There were 1,262 housing units, of which 12.1% were vacant. The homeowner vacancy rate was 2.0% and the rental vacancy rate was 5.6%.

===2010 census===
As of the census of 2010, there were 4,947 people, 1,178 households, and 788 families residing in the city. The population density was 564 PD/sqmi. There were 1,323 housing units at an average density of 150.3 /sqmi. The racial makeup of the city was 53.5% Black or African American, 45.1% White, 0.1% Native American, 0.0% Asian, 0.5% from other races, and 0.6% from two or more races. 2.1% of the population were Hispanic or Latino of any race.

There were 1,178 households, out of which 30.5% had children under the age of 18 living with them, 38.9% were married couples living together, 23.6% had a female householder with no husband present, and 33.1% were non-families. 30.7% of all households were made up of individuals, and 12.0% had someone living alone who was 65 years of age or older. The average household size was 2.47 and the average family size was 3.10.

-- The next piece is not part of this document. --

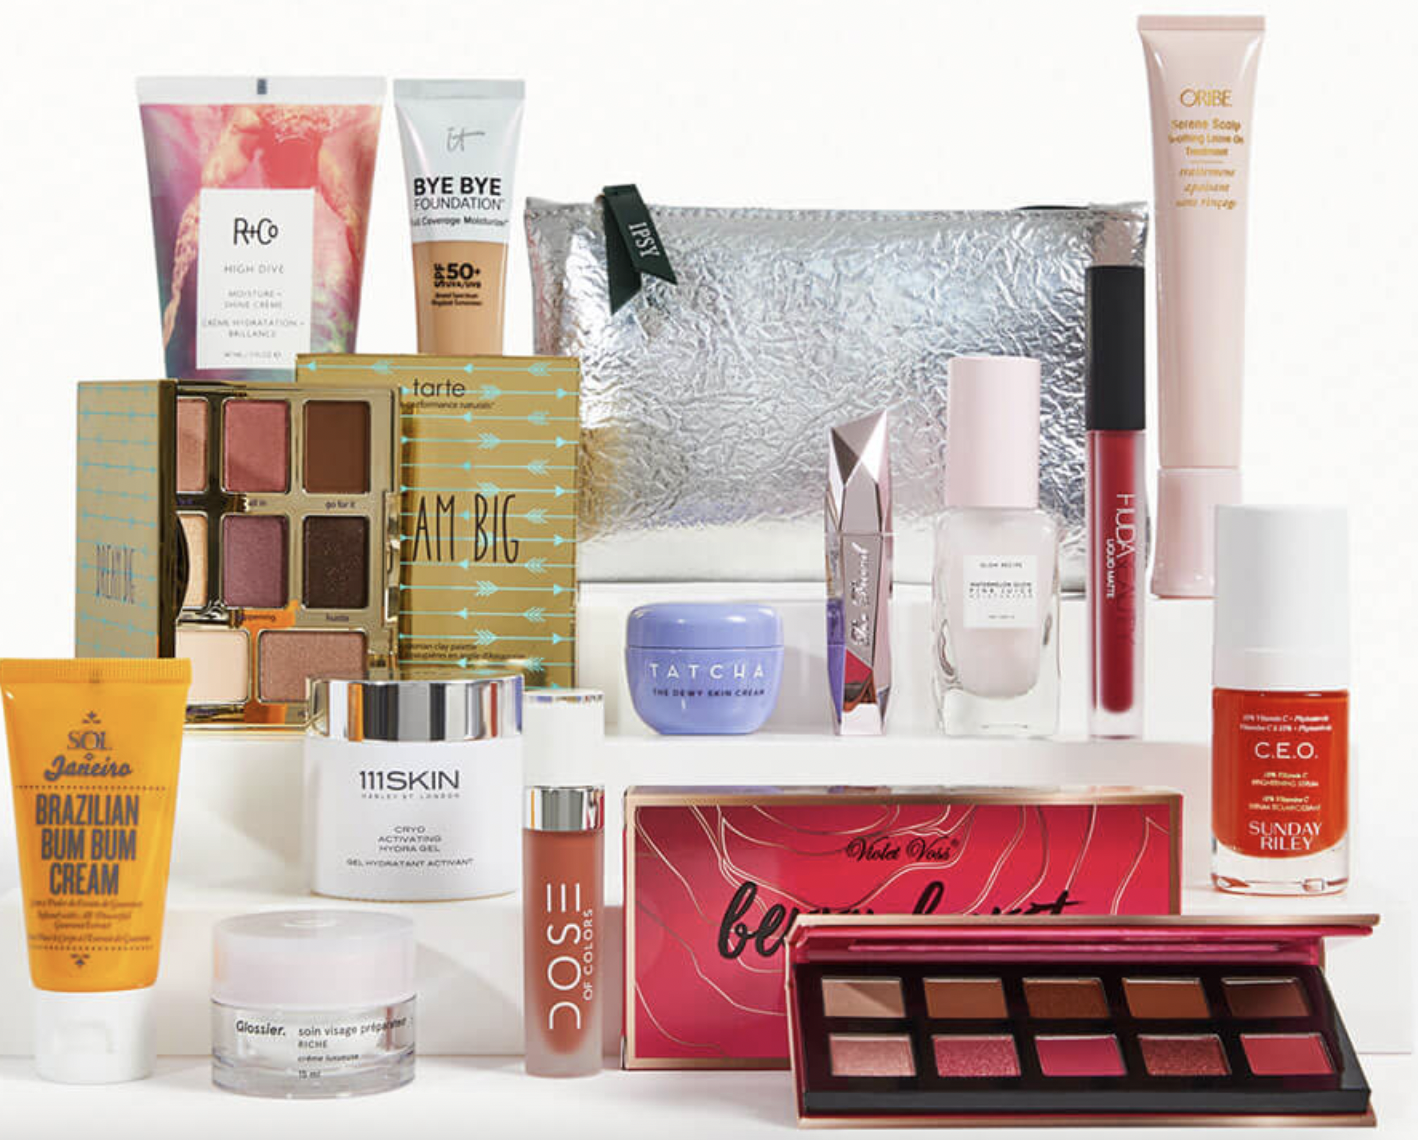 Ipsy: Get a Free Month of Refreshments When You Subscribe Today

In the city, the population was spread out, with 15.6% under the age of 18, 10.3% from 18 to 24, 39.4% from 25 to 44, 25.8% from 45 to 64, and 8.9% who were 65 years of age or older. The median age was 36.2 years. For every 100 females, there were 209.2 males. For every 100 females age 18 and over, there were 278.8 males.

The median income for a household in the city was $35,044, and the median income for a family was $42,440. Males had a median income of $43,211 versus $22,010 for females. The per capita income for the city was $16,799. About 14.9% of families and 18.6% of the population were below the poverty line, including 25.1% of those under age 18 and 38.4% of those age 65 or over.

==Government==
Brent is governed via the mayor-council system. The city council consists of five members each elected from single member districts. The mayor, currently Bobbie White, is elected by the entire city.

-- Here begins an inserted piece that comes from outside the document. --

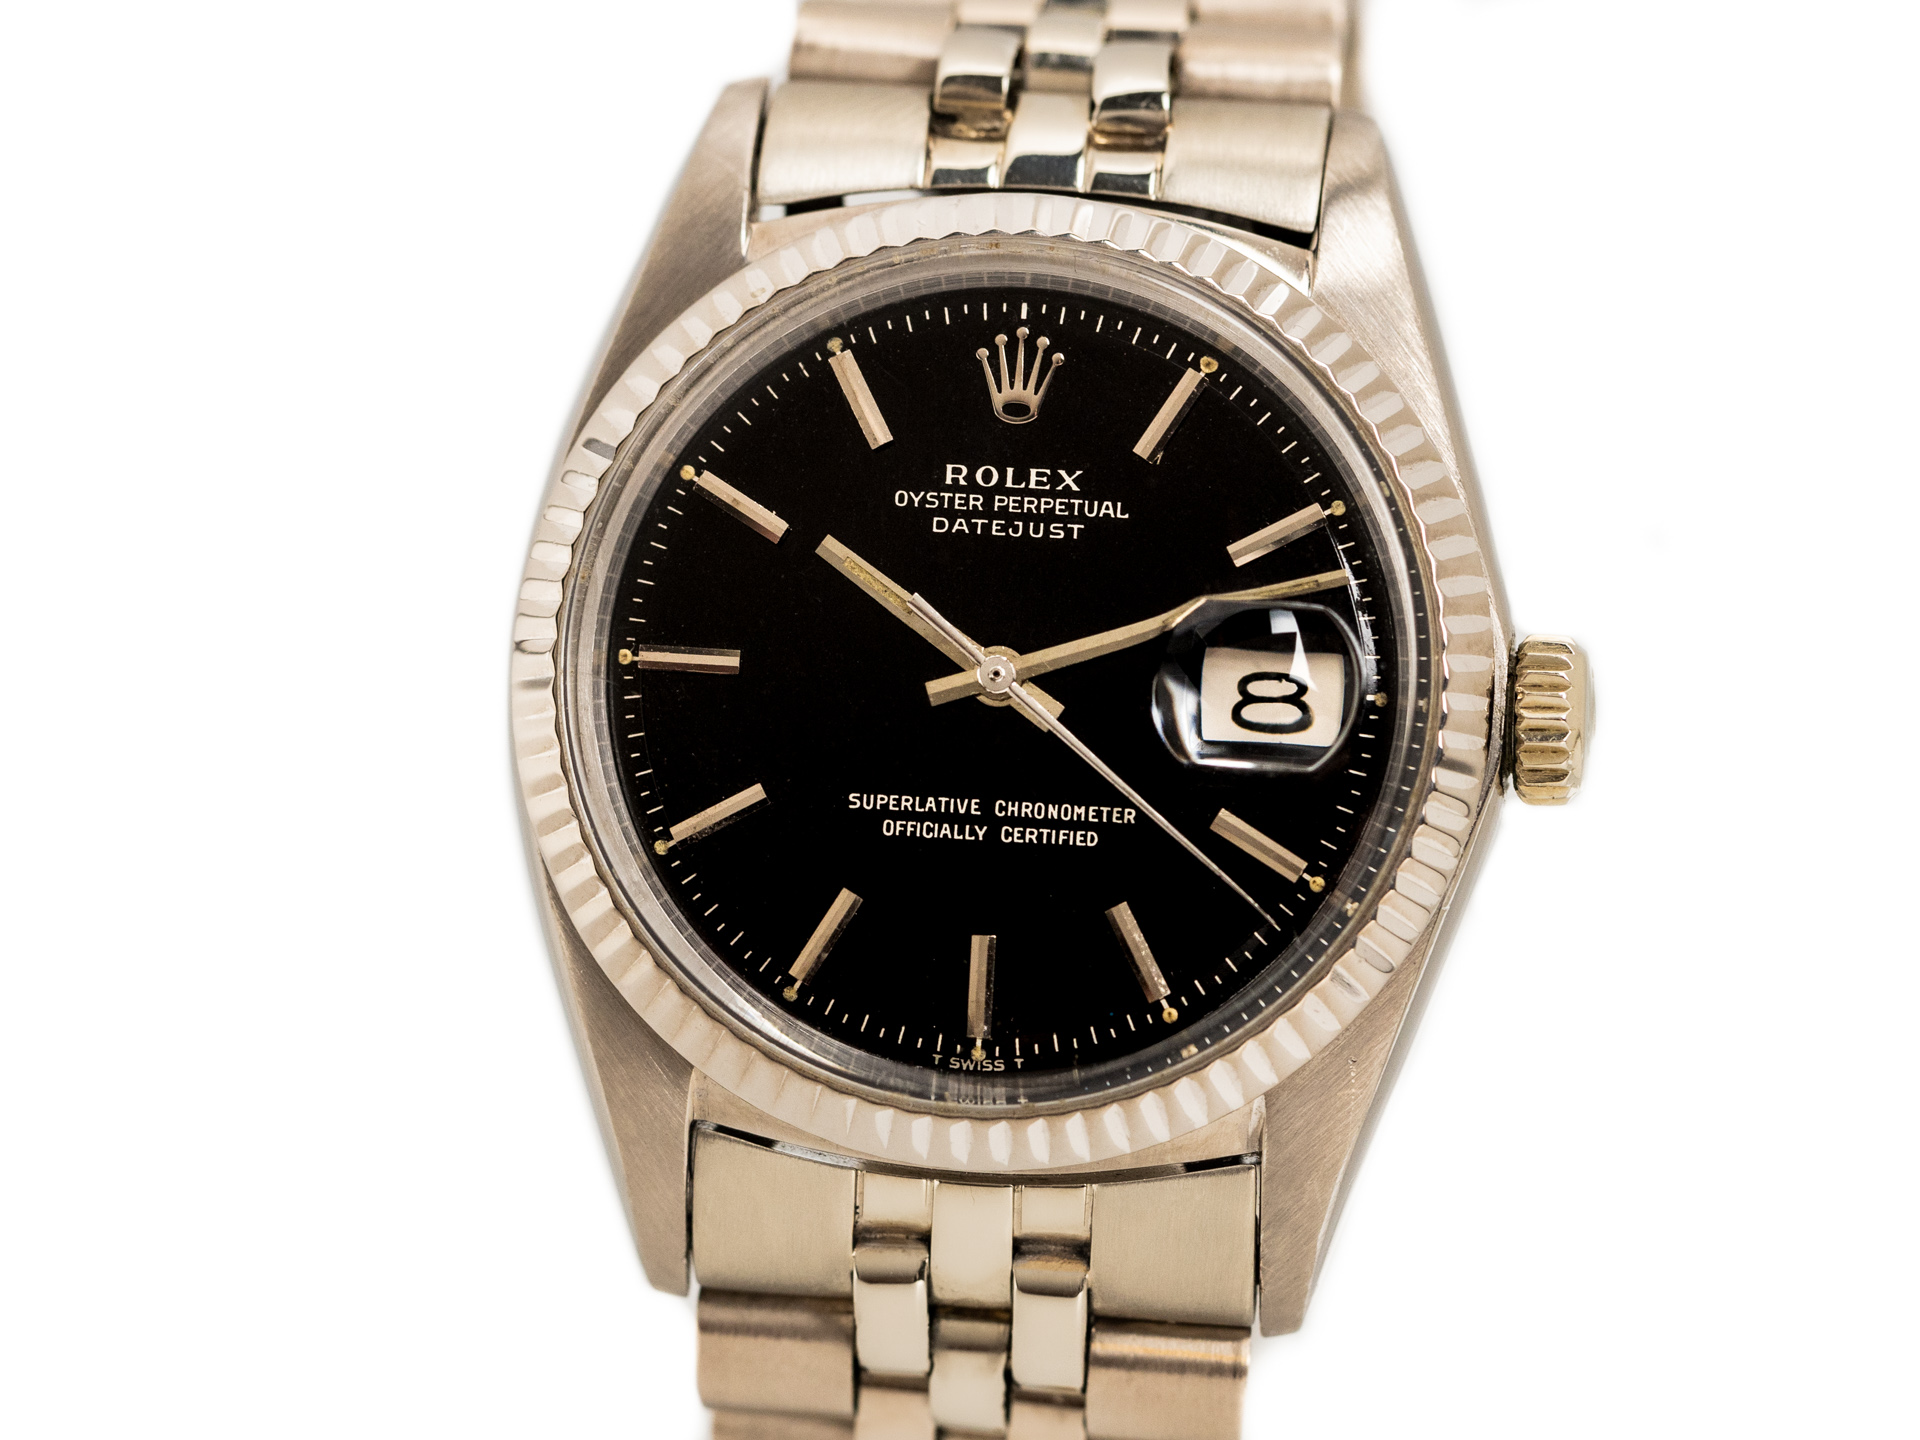 Rolex Datejust 41 126333 18k Gold / Steel Jubilee Bracelet... for Price on  request for sale from a Trusted Seller on Chrono24

The Alabama Department of Corrections operates the Bibb Correctional Facility in Brent.

The United States Postal Service operates the Brent Post Office.

==Transportation==
Intercity bus service is provided by Greyhound Lines.

==Notable people==
- Charles Cleveland, former professional basketball player for the Philadelphia 76ers
- The visionary art environment of outsider artist and Methodist minister George Paul Kornegay was based on a hill near Brent.